Hi
1. Regarding yesterday, is it normal to experience a dose wearing off? Is this an individual thing? Because I have no plans to exceed 5-10mg a day, but I was just wondering how a lower dose can help the entire day vs. people who need to dose 20mg+ divided up every few hours. Is it because these people more likely have Addison's/adrenal insufficiency and can't produce cortisol at any point, whereas I more likely just have low cortisol due to CFS (and therefore the HC upon waking might help 'kickstart' things)?
Yes it is normal to experience the dose wearing off. It is so with most hormones, just think of insuline (carb sleepyness).
With hydrocortisone I experience it in 1,5 hours the first half of the day and this lengthens during the day.

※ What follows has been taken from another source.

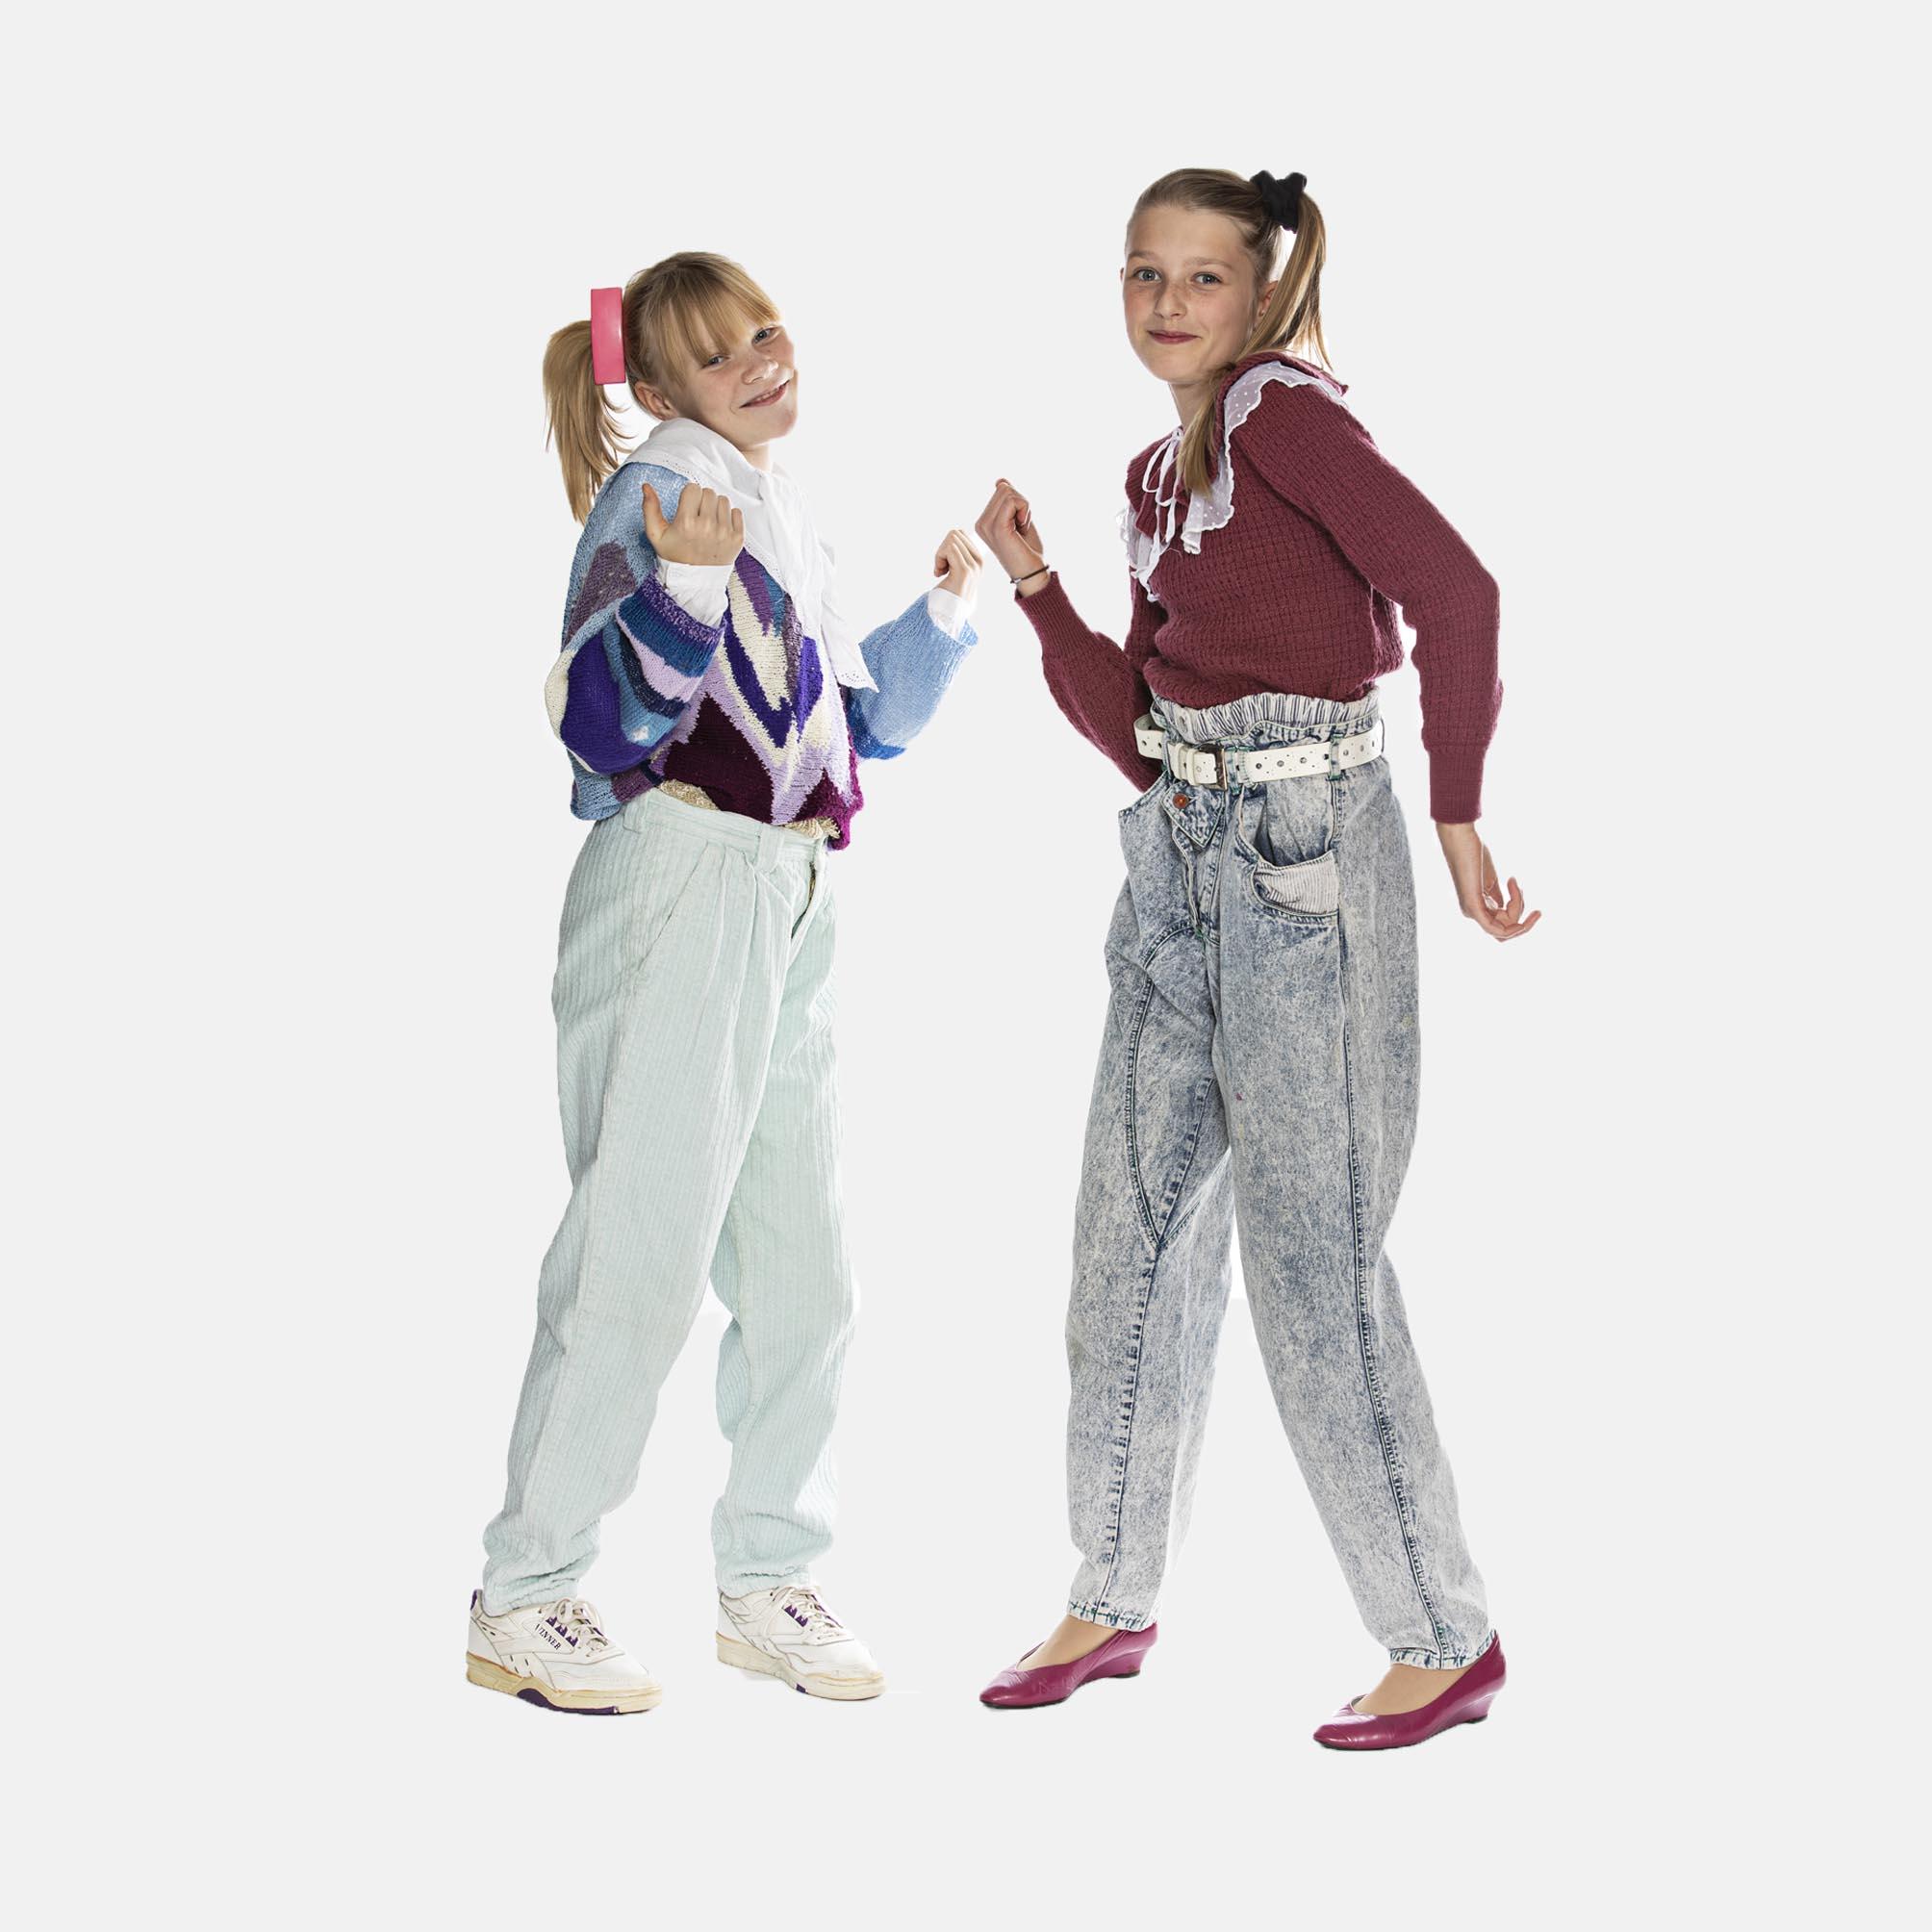 Piger fra 1980'erne med høj hestehale, bukser, farvede bluser, hårspænder, gummisko, læs om moden i 1980'erne, originalt tøj fra museet Tidens Samling, museum for klæder, form og bolig i det 20. århundrede, Kulturmaskinen, Farvergården, Brandts Klædefabrik, Odense

The time of day when you take it influences whether you experience it hard or soft.
That you experience it at all is useful information. Unfortunately I can't help you interpret this knowledge atm. But it gives cause to think about what base level you naturally have; is the dose replacing a shortage and is the slinking back to suboptimal levels causing the feeling of wearing off? or are you overfeeding the system and crashing hard after a peak and does that cause the feeling? (analogue to a sugar peak and then wanting to snack more). I dunno. At least you know there's an effect.
2. Do the effects of HC supplementation change over time? Is it possible there are just early side-effects? Regarding the POTS/rocking feeling/fog, what I've wondered is whether it's possible it's physically relaxing me and lowering adrenaline, and maybe exposing these problems, which do get worse in a 'relaxed' state? Or exposing some other requirement? I know some people take Fludrocortisone alongside HC.

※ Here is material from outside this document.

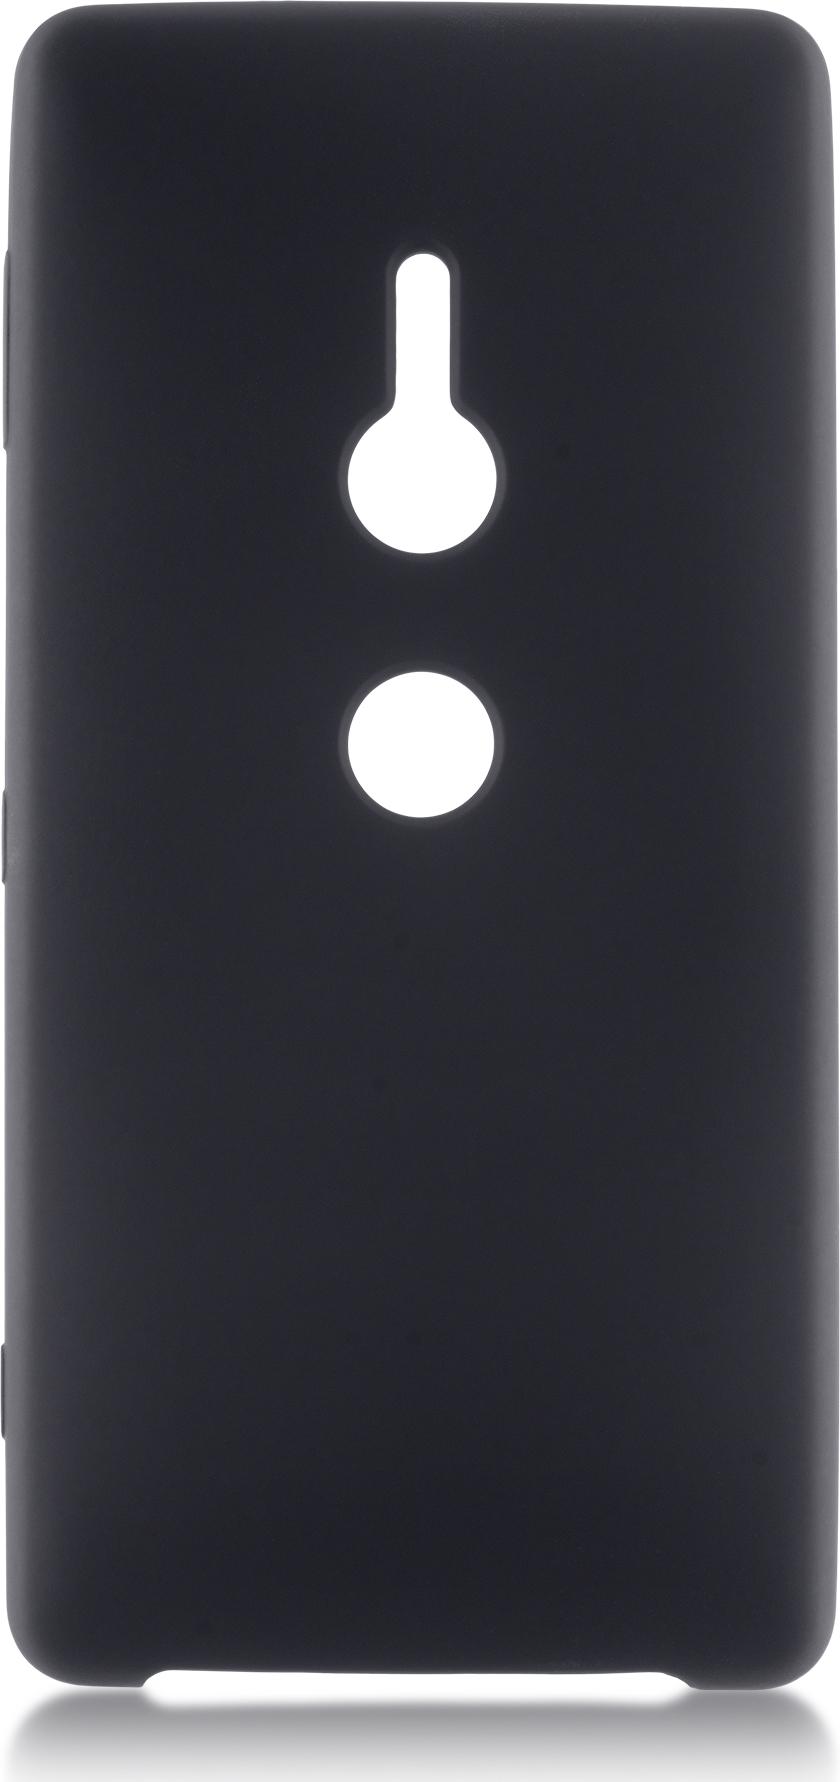 Чехол Brosco Softrubber для Sony Xperia XZ2, черный wierss розовый для sony xz2

Effects of HC are dependent on day, temperature of the weather, your stress levels, how hard your stomach has to work (fat and protein digestion), time of day, whether you're feeling cold etc.
What also might occur is that your system is put into gear by the HC (your digestion, your waste removal, your bowels) but you still have a blocked waste route. Analogue to people taking vitamin B12 but not having chelated heavy metals or taking care of their liver detox phases.
Taking HC will likely increase cholesterol (after all, you're replacing the stuff your body makes of cholesterol) and the body needs to rid itself of cholesterol and discarded hormonal remnants, via gall and poop. If your liver and gall aren't functioning right the waste is not transported out. This remaining waste taxes the system. I.e. causes the body stress and causes brain fog.
Another cause of brain fog is heavy metals. These might come loose due to the HC? this is a though I just had.
I know Copper loosens up and starts floating around the brain when you take Zinc.
I know HC influences brain chemistry.
Again, your body must be able to clear the waste otherwise the waste will interfere with normal cell functioning.
I take Fludro, it's for ridiculous low blood pressure. Fludrocortisone = Aldosterone = mineral corticosteroid.
HC = gluco corticosteroid. Both are produced in the adrenals and are made from Cholesterol --> Progesteron --> corticosteroids.
3. I tried to search this but couldn't find much information, but is there a relationship between HC and things like food intolerances, MCAS etc.? Just curious because I'm continuing eating 'bad' foods like peanut butter because I don't want to put my body in a zero carb state, especially while trying the HC, but just wondering if these intolerances could improve at all.
I get massively nauseous when my HC is too low. (logic: stomach acid is governed by cortisol. Not enough cortisol = not enough acid = hard to digest proteins and fats). But you're not talking about nausea, are you?
Cortisol dampens the immune system. With not enough cortisol your immune system will behave like a diva and trigger on a lot of things. Perhaps on foodstuff too?
Stress stimulates cortisol. Stressed people get vulnerable to virus infections because their high cortisol dampens their immune system.
(unless they are on their way to a burn out, then their cortisol levels are erratic)
I figure that taking HC dampens the immune system so if you take more than your body needs the immune system may not trigger massively on foods like it did before.
Are you intolerant to peanut butter?
So, taking HC while you are in one of the adrenal fatigue stages mentioned by dr. Selye gives so much variables that it's hard to connect one thing to just one other thing.
There are so any variables. You are like a blindfolded man trying to identify instruments while the whole orchestra is tooting. But as long as the whole lot doesn't crash trough the stage floor you're doing ok.